← All projects

Pluggable Site RAG Agent

One-line embeddable chat widget backed by a self-hostable RAG service grounded in your own docs.

Why it mattersLets any business drop a grounded AI assistant onto their site without integration work - the same pattern that powers customer support, internal helpdesks, and product onboarding.
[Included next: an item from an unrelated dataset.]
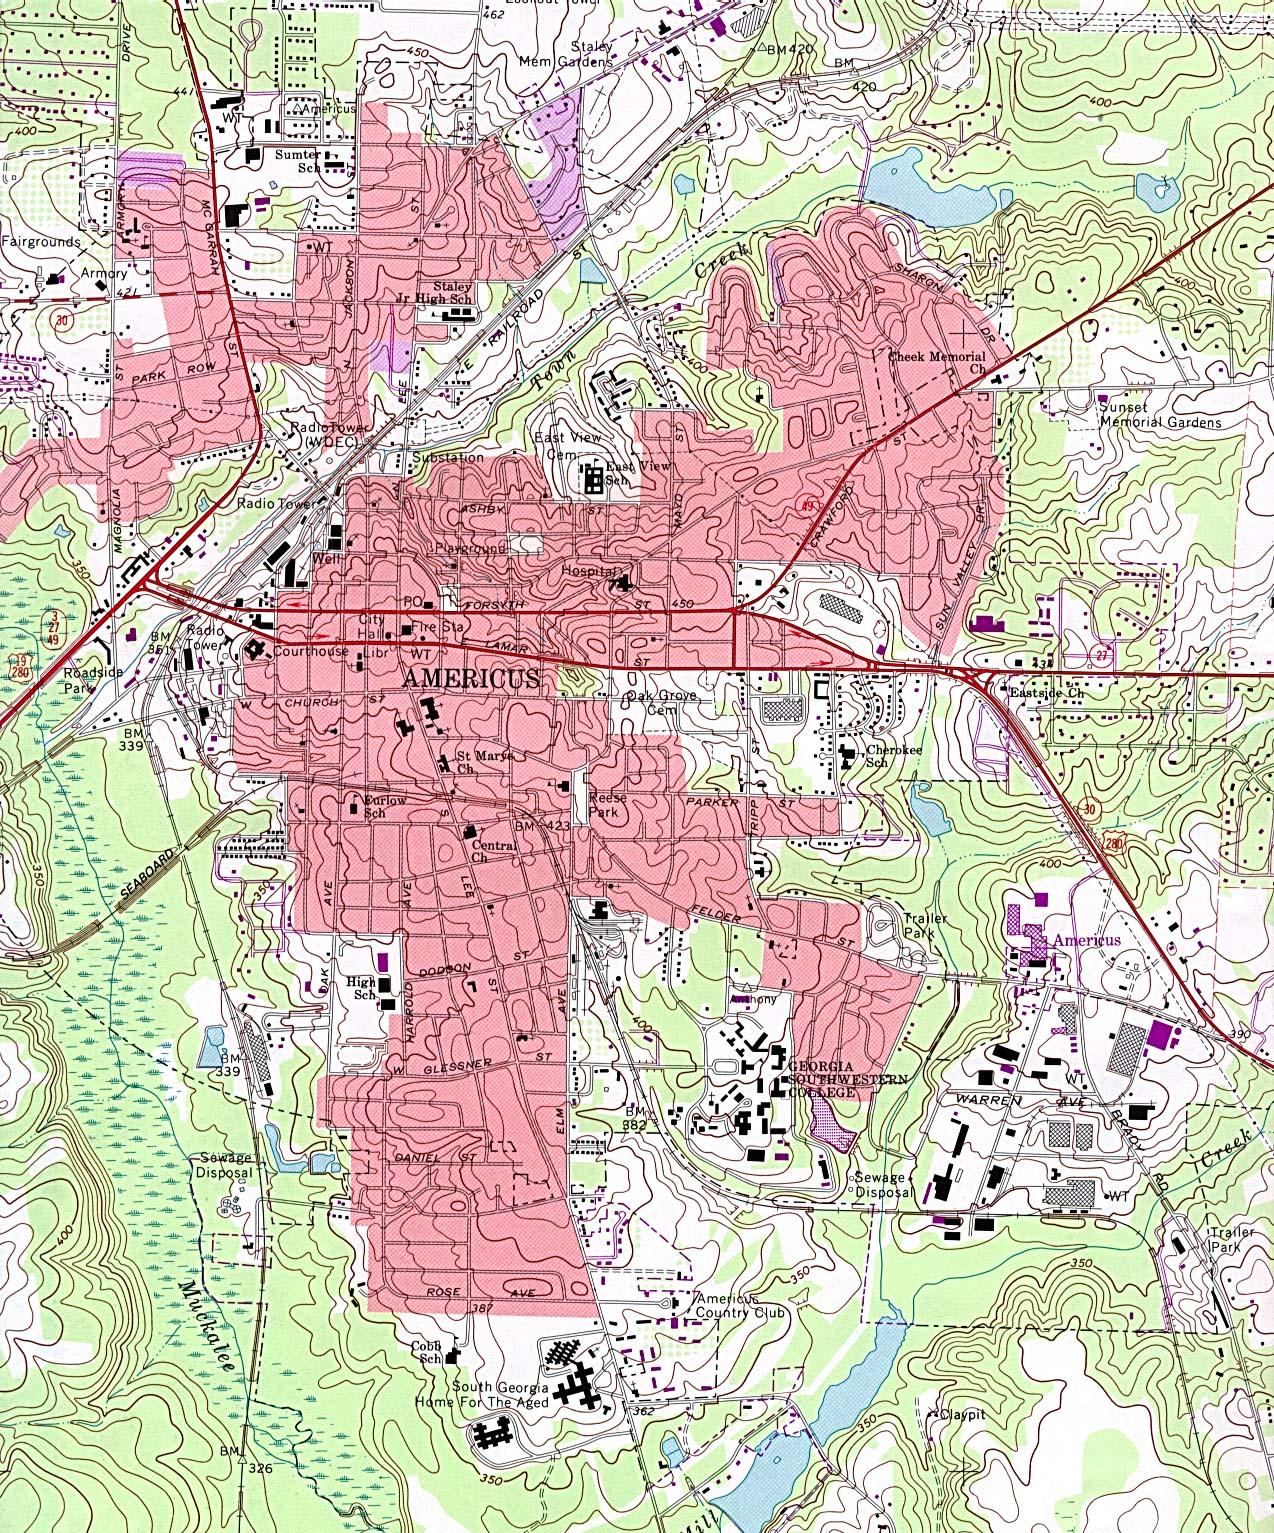 Americus Topographic City Map, Georgia, United States

PythonFastAPILangChainQdrantGemini

What it does

A self-hostable AI support agent that drops onto any website with a single <script> tag. The visitor gets a floating chat widget; the site owner gets answers grounded in their own documents - with citations, conversation memory, and per-session rate limiting built in.

Where it applies

  • Any business that wants a knowledge-grounded chat assistant on their site without committing to a SaaS vendor or rebuilding their frontend.
  • Internal helpdesks and product onboarding flows - swap customer documents for internal runbooks and the same pipeline works.
  • Static or framework-built pages where dropping an <script> tag is the only integration the host can stomach.

How it works (high level)

A FastAPI backend exposes a single chat endpoint plus a self-installing widget script. Each turn rewrites the user question into a standalone form using prior turns, runs MMR retrieval (k=5) over a Qdrant vector store, and answers via a stuff-docs chain over Gemini. Sessions, token-bounded conversation memory, and slowapi rate limits are layered in via FastAPI middleware. Every chat turn is recorded in LangSmith for offline review.

Outcome

A site owner runs the backend once, drops the widget script into any page, and has a working AI assistant within minutes. The widget mounts a floating iframe with a chat UI; nothing about the host page's frontend has to change.

Stack

Python · FastAPI · LangChain · Qdrant · Gemini embeddings/chat · LangSmith · vanilla-JS widget.